While off-duty, Servin shot and killed an unarmed, young black woman, Rekia Boyd, 22. He fired a 9 mm over his shoulder into Rekia and a group of her friends as their backs were turned in a Chicago alley in 2012. Last week he was found not guilty of manslaughter. According to the judge: "The act of intentionally firing a gun at some person or persons on the street is an act that is so dangerous it is beyond reckless; it is intentional and the crime, if there be any, is first-degree murder."

Angela Helton, Rekia's mother, through tears cried: "He literally blew her brains out. ... Her brains were laying in the alley." Servin gets to go home and be with his family and loved ones. Ms. Helton will never see her baby girl Rekia in this life again.

It's as bitter a harvest as the recent findings in the Natasha McKenna slaying. McKenna, 37, of Alexandria, VA, died after being shocked with a stun gun four times while in handcuffs and leg shackles. The medical examiner listed her cause of death as "Schizophrenia and Bi-Polar Disorder," while noting that her physical restraint and the use of a "conductive energy device" contributed. The manner of death was listed as an: "Accident."

This finding is nearly as absurd as those leaks claiming that Freddie Gray, 25, had broken his own neck while his arms and legs were bound behind his back in a Baltimore police van.

That six officers have been charged is promising. Freddie Gray's mother, Gloria Darden said the charges allow her son to "be in peace now," but when will she find peace? When will the rest of us?

Samaria Rice seems as far from peace as one can get. Her son Tamir Rice, 12, was fatally shot by Cleveland police while playing with a toy gun on a playground last November. Mother's Day will find her still waiting for answers from the investigation into his death. She will do so from the homeless shelter where she now resides, in part because she could no longer stand to live next door to the park where Tamir was killed.

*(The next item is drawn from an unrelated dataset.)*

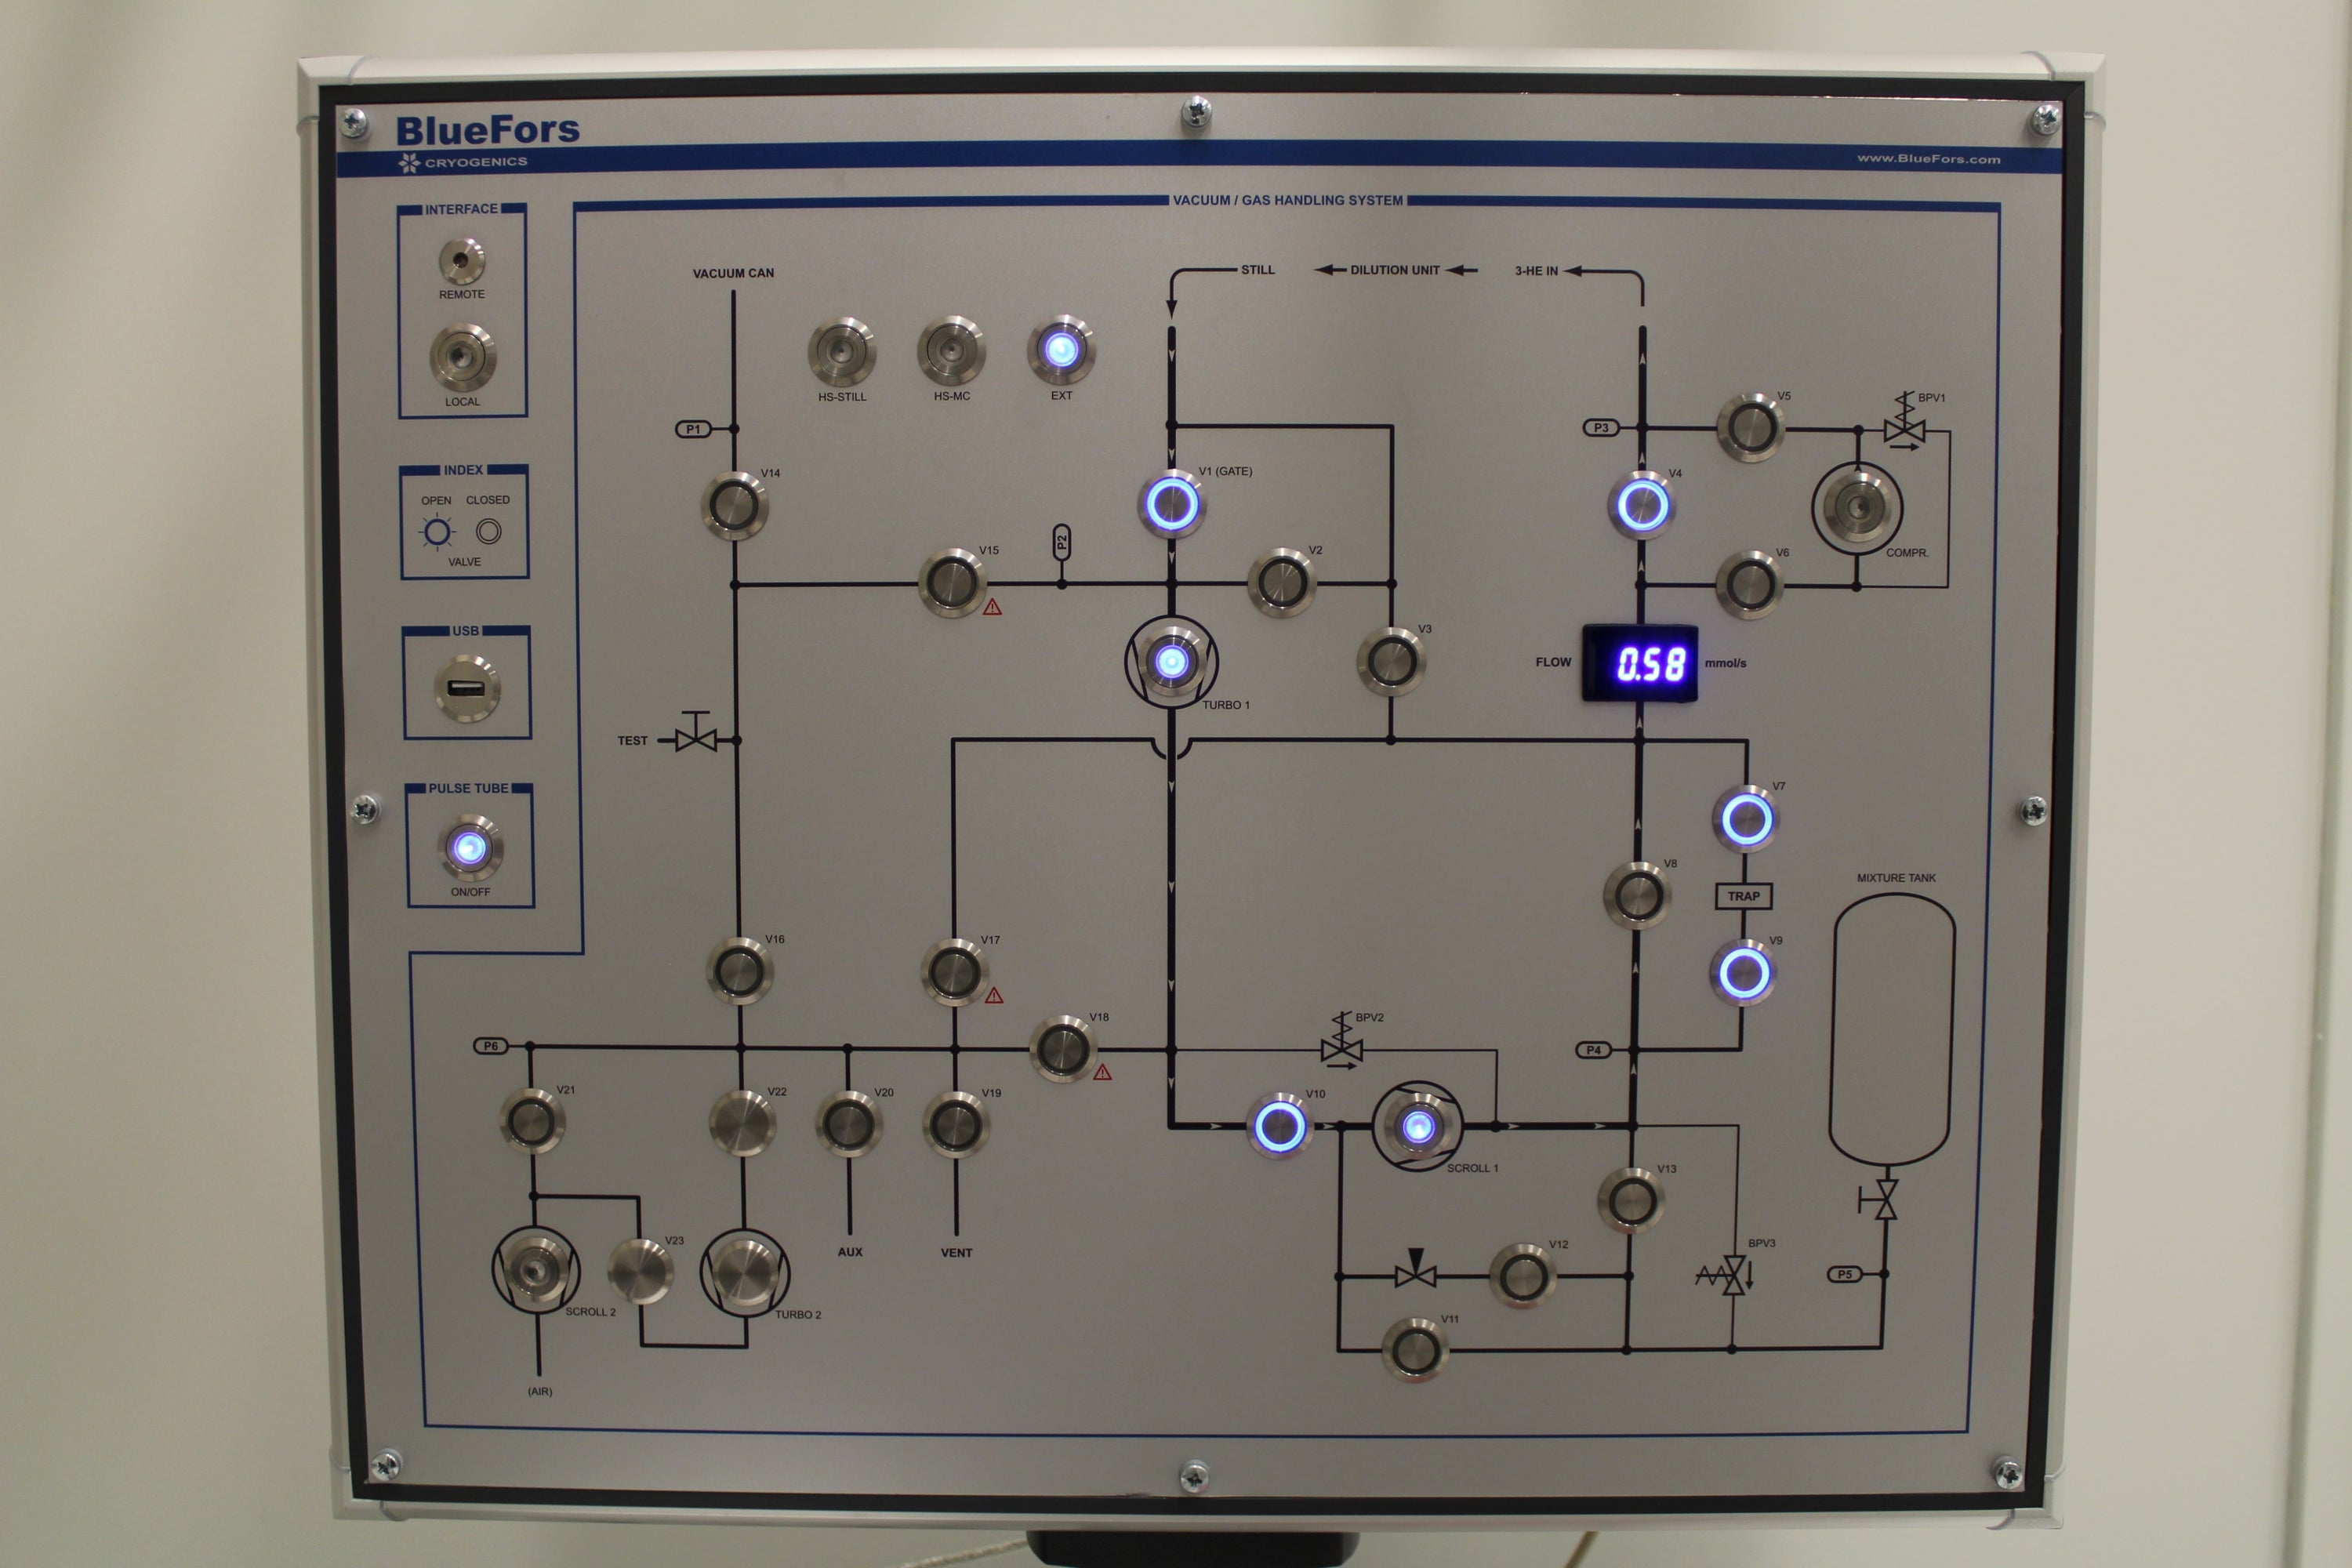 Vaccum/gas handling system in the Engineered Quantum Systems Laboratory

These tragic circumstances underscore the need for the movement against police brutality and it spotlights the connection between race, gender, poverty, and state sanctioned violence--and the resulting trauma. Black women like Ms. Rice, single mothers with children under 18 have the highest rate of poverty, 47.5%. Single black women between 36 and 49 have a median net worth of $5 as opposed to the $42,600 of their white counterparts. These conditions make black mothers and their children vulnerable targets for a bloated, yet ever-hungry and violent criminal justice system.

The weight of the carnage is incalculable. Still, let us use this mourning on Mother's Day to galvanize the struggle for substantive structural change in the administration of justice so that "rioters" are not facing harsher sentences for allegedly breaking windows than those officers who allegedly broke a human being's spine, never mind their oaths to protect and serve. We also have to advocate for poor mothers and their children by supporting wage equality and an increased minimum wage.

Let's also respond as feverishly to the deaths of black women and girls, because Aiyana, Rekia, Tanisha, Natasha and their families also deserve justice and, if nothing else, love and support from their people. Perhaps then their mothers will be able to find peace on this special day. Perhaps then we all can.